The hashtag "South Korean professor asks to change nationality of Chinese poet from Korean ethnic group to South Korean" quickly began trending on China's Twitter-like Sina Weibo, earning more than 390 million views as of Wednesday. 

Many Chinese netizens noticed that Seo is the same person who provoked a previous online cultural spat over the origins of kimchi in December 2020. At the time he protested the phrase "Korean kimchi originated from China" within the platform's entry on the history and culture of kimchi by sending an email to Baidu Baike, which later evoked nationalist sentiment among both South Korean and Chinese netizens. 

The entry was later deleted by a registered user.

Some netizens suspected that Seo is trying to "gain popularity and expand his influence" by stirring up national sentiment in South Korea and hurt normal exchanges between netizens of the two countries.

Li Kaisheng, a research fellow and deputy director at the Institute of International Relations of the Shanghai Academy of Social Sciences, told the Global Times on Wednesday that due to the complicated history of the country, some South Korean people are very sensitive when talking about their culture.
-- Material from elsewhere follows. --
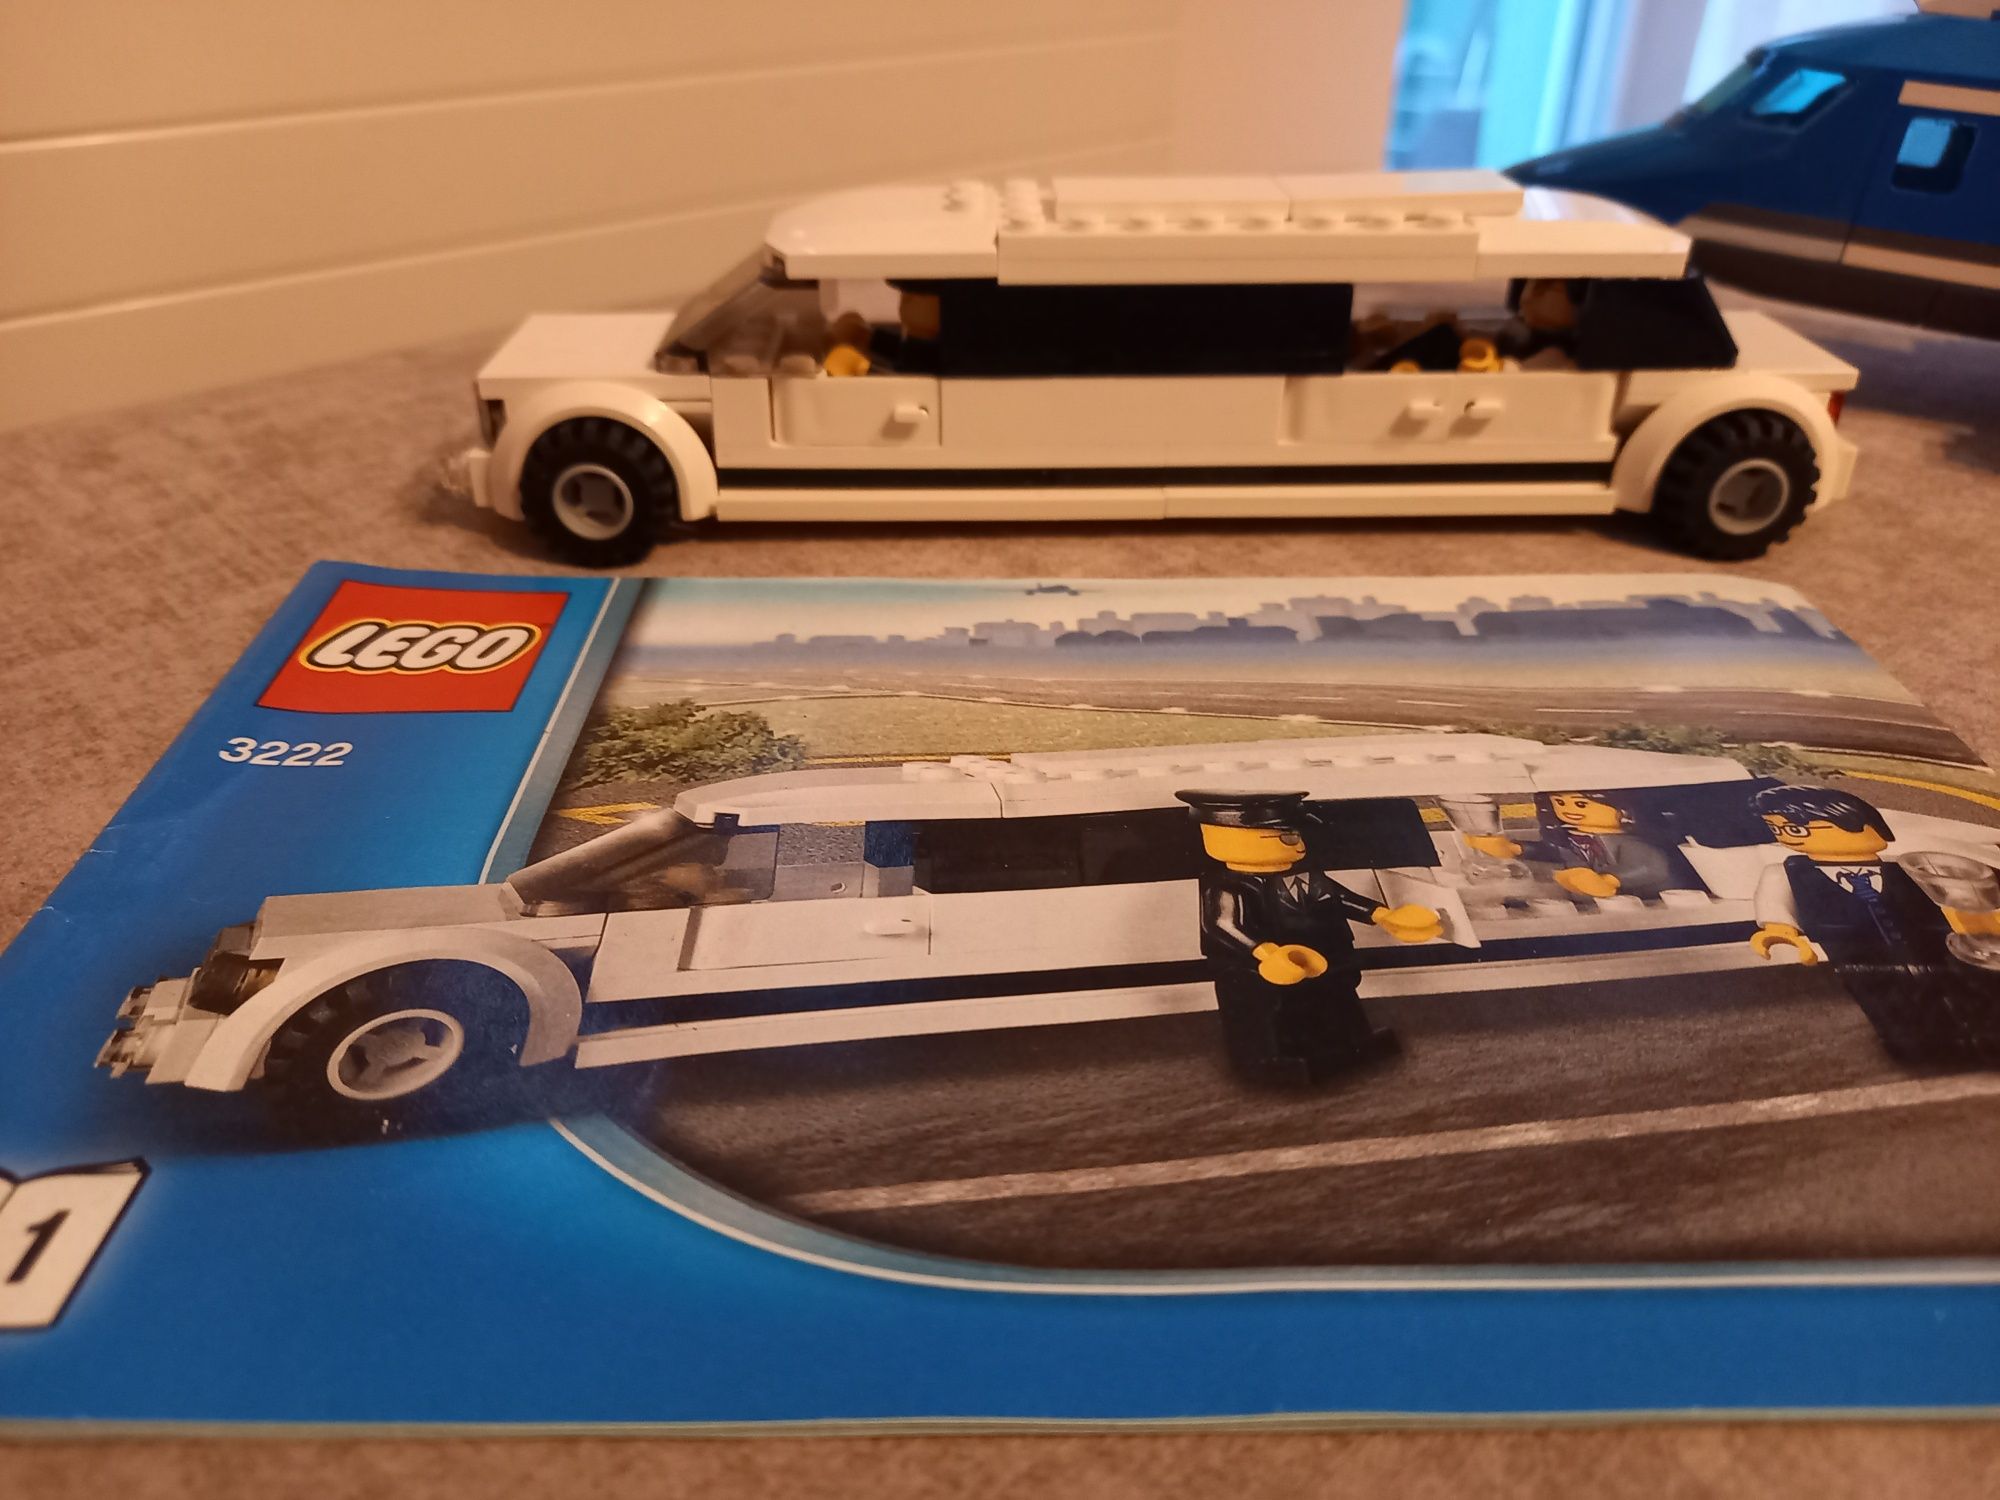 Lego 3222 zestaw

However, he noted that most people are rational and that a fringe group does not represent mainstream public opinion.

Lü Chao, director of the Research Institute for Borderland at Liaoning Academy of Social Sciences, echoed Li's opinion by saying that most South Korean scholars he knows are friendly and objective when discussing the two countries' history and culture.

"They also thought it was a joke when they heard some rumors that said Confucius is Korean," he noted. 

Lü pointed out that similar controversies can be discussed in academic forums while posting on social media and promoting a type of "de-sinicization" sentiment is not proper.

"The Korean Peninsula was previously a vassal state of China. The cultures of the two countries have much in common, which is worthy of joint study and discussion. Just like Korea-born Chinese composer Zheng Lücheng, who had significant influence in both countries, poet Yun should become a bridge for enhancing cultural communications in both countries rather than being used to drive them apart," said Lü.